TASK DETAILS
Retype each line of the material exactly, please, skipping any picture in it.
*** SOURCE DATA ***
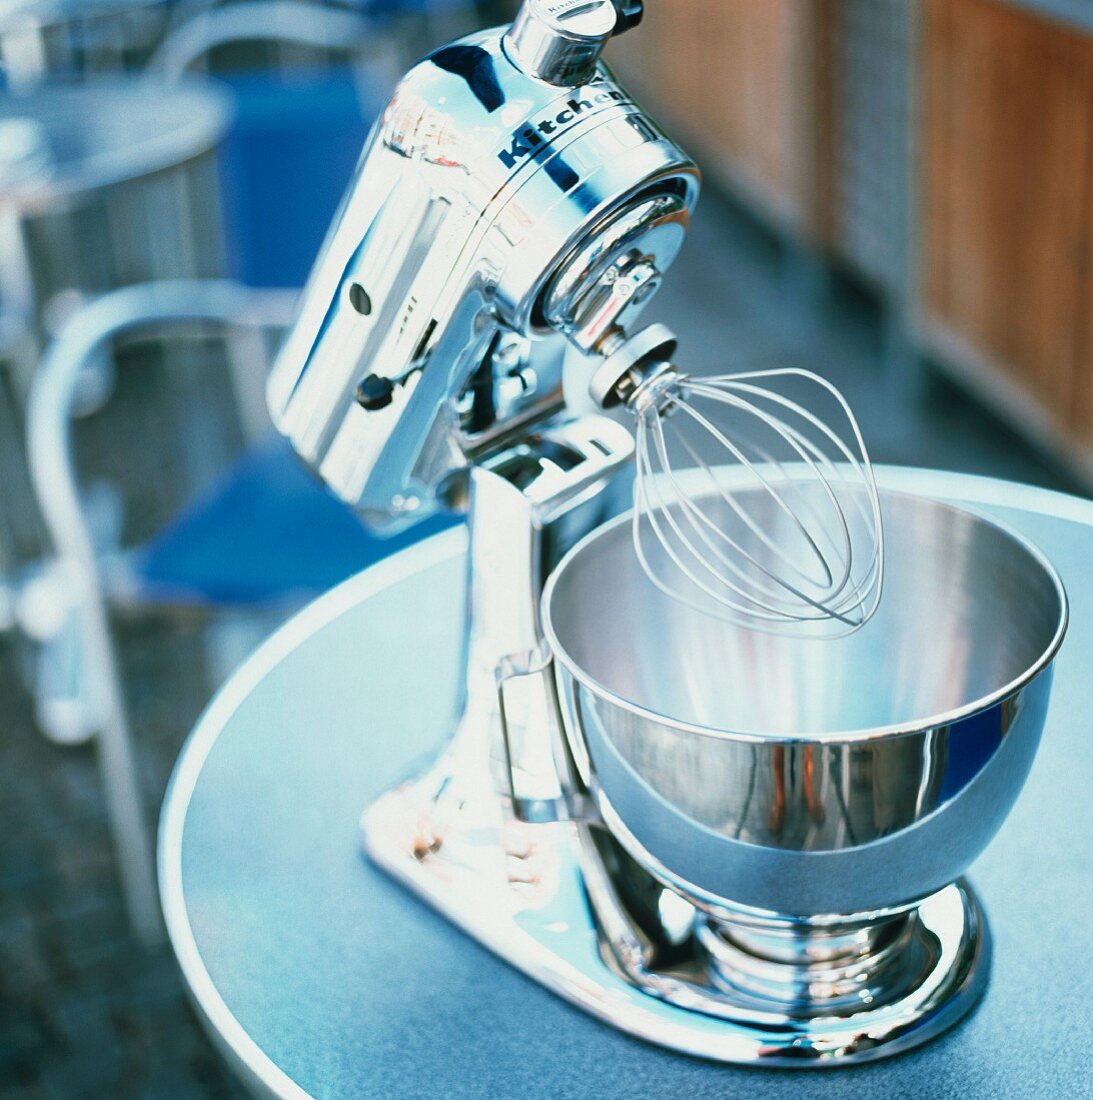 A Stainless Steel Mixer
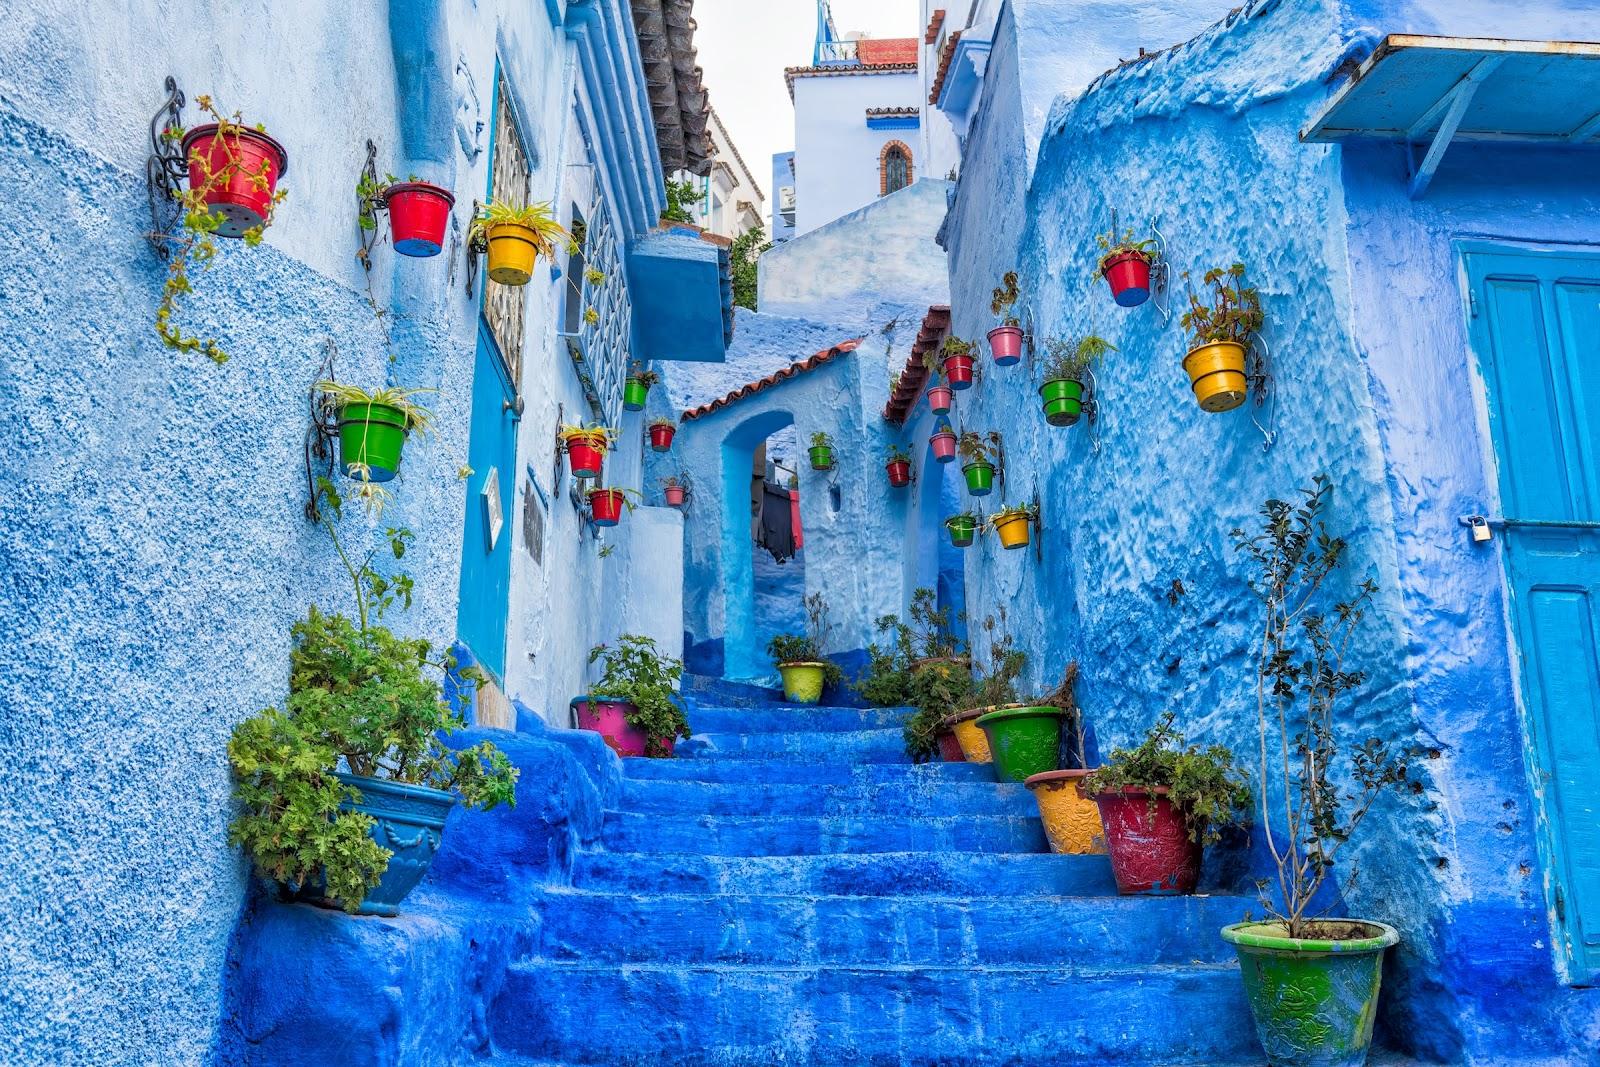 the blue buildings of Chefchaouen, nicknamed the "Blue City".
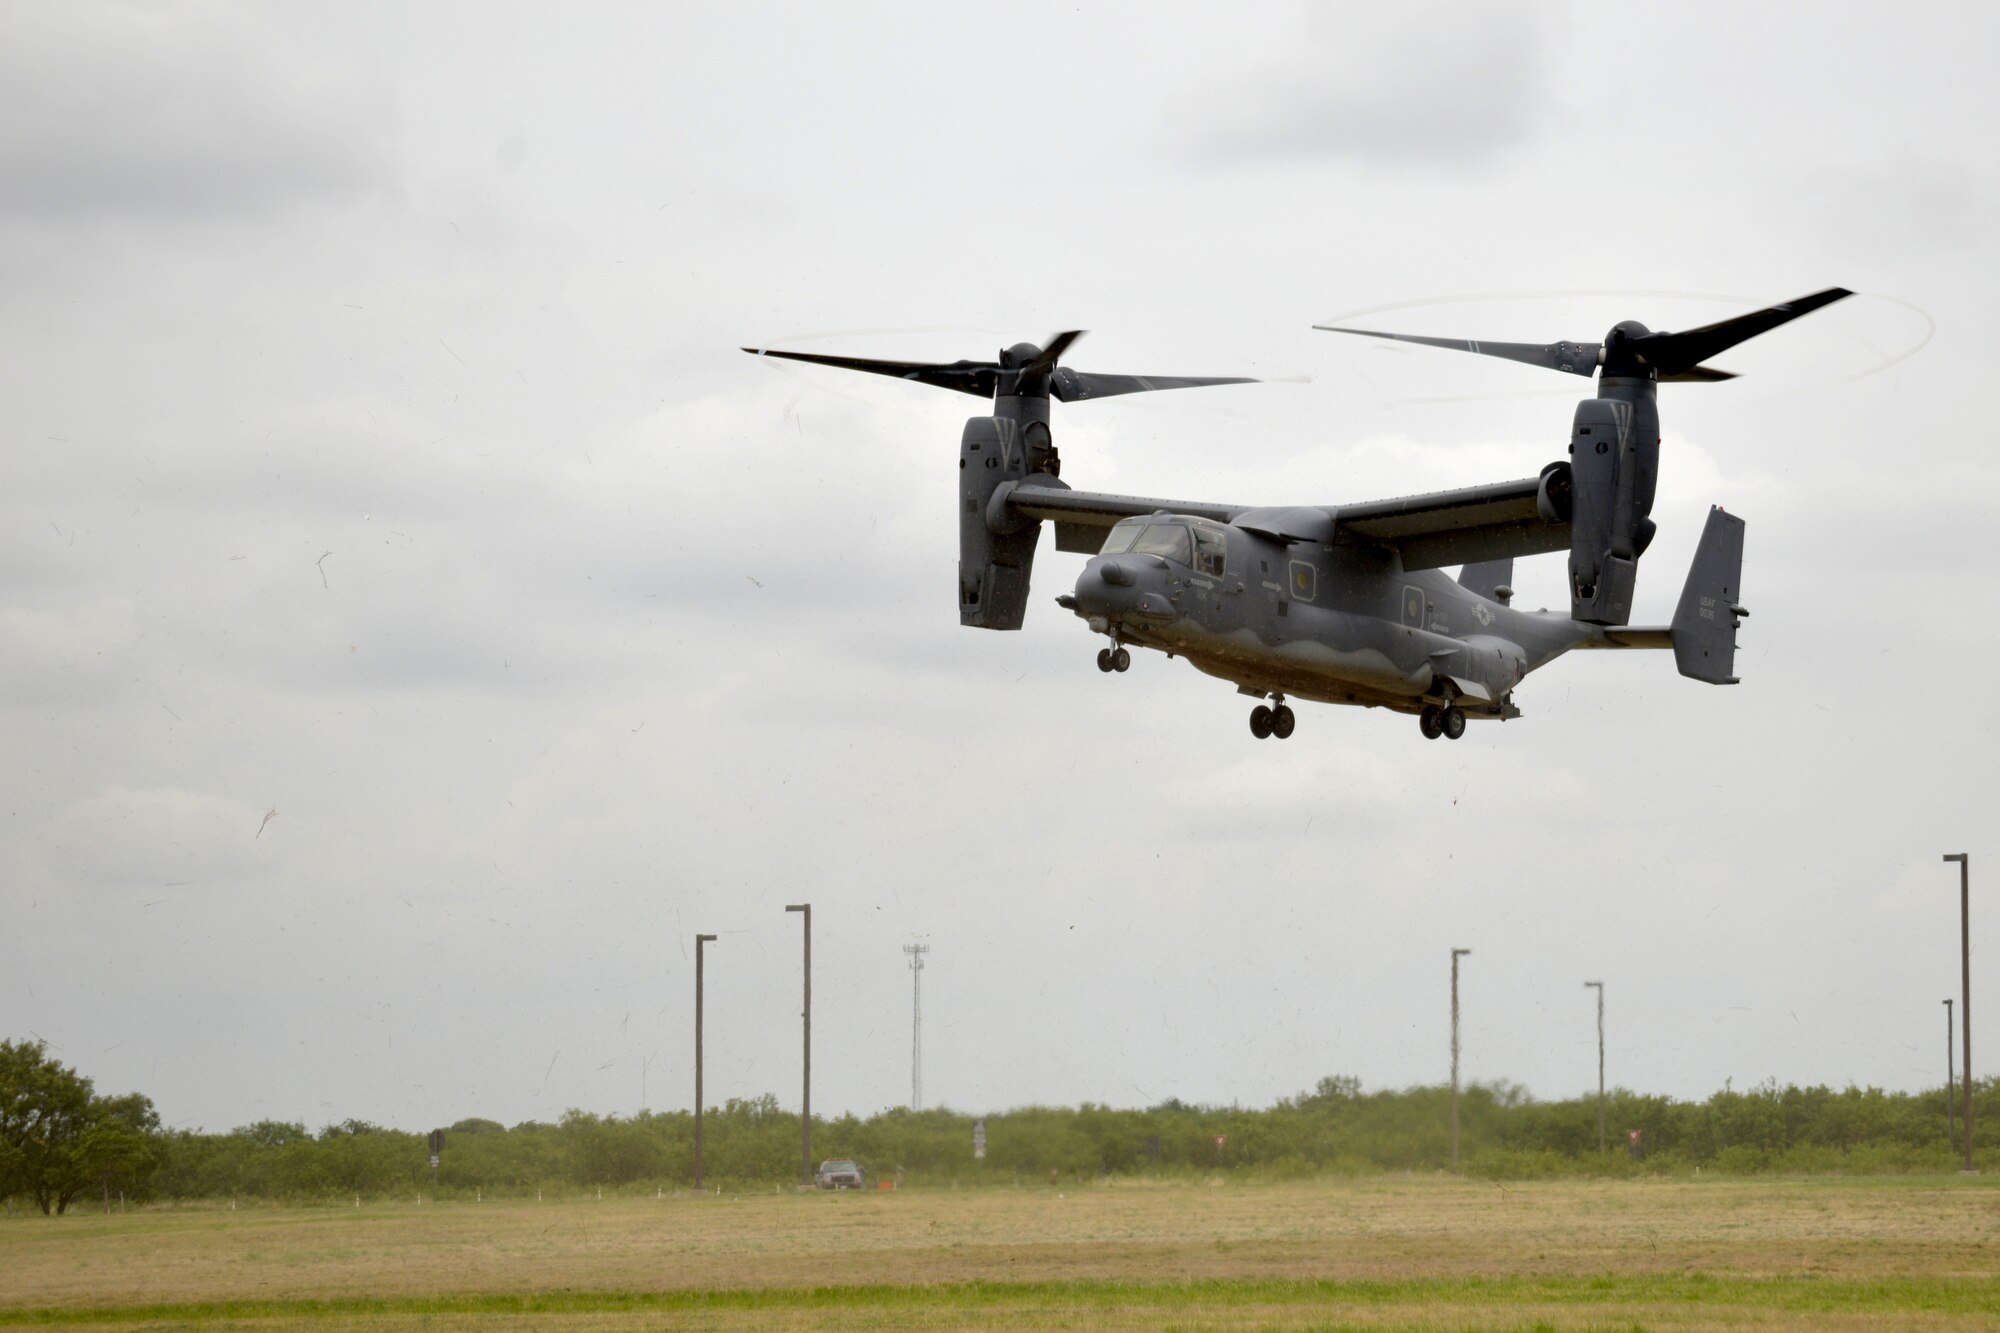 A CV-22 Osprey from the 20th Cannon Air Force Base, New Mexico, lands on Goodfellow Air Force Base, Texas, May 30, 2017. The Osprey brought intelligence personnel from the 20th Operations Squadron back to Goodfellow to give students first-hand experience of the operational Air Force. (U.S. Air Force photo by Airman 1st Class Randall Moose/Released)
***
TASK RESPONSE
 A Stainless Steel Mixer
 the blue buildings of Chefchaouen, nicknamed the "Blue City".
 A CV-22 Osprey from the 20th Cannon Air Force Base, New Mexico, lands on Goodfellow Air Force Base, Texas, May 30, 2017. The Osprey brought intelligence personnel from the 20th Operations Squadron back to Goodfellow to give students first-hand experience of the operational Air Force. (U.S. Air Force photo by Airman 1st Class Randall Moose/Released)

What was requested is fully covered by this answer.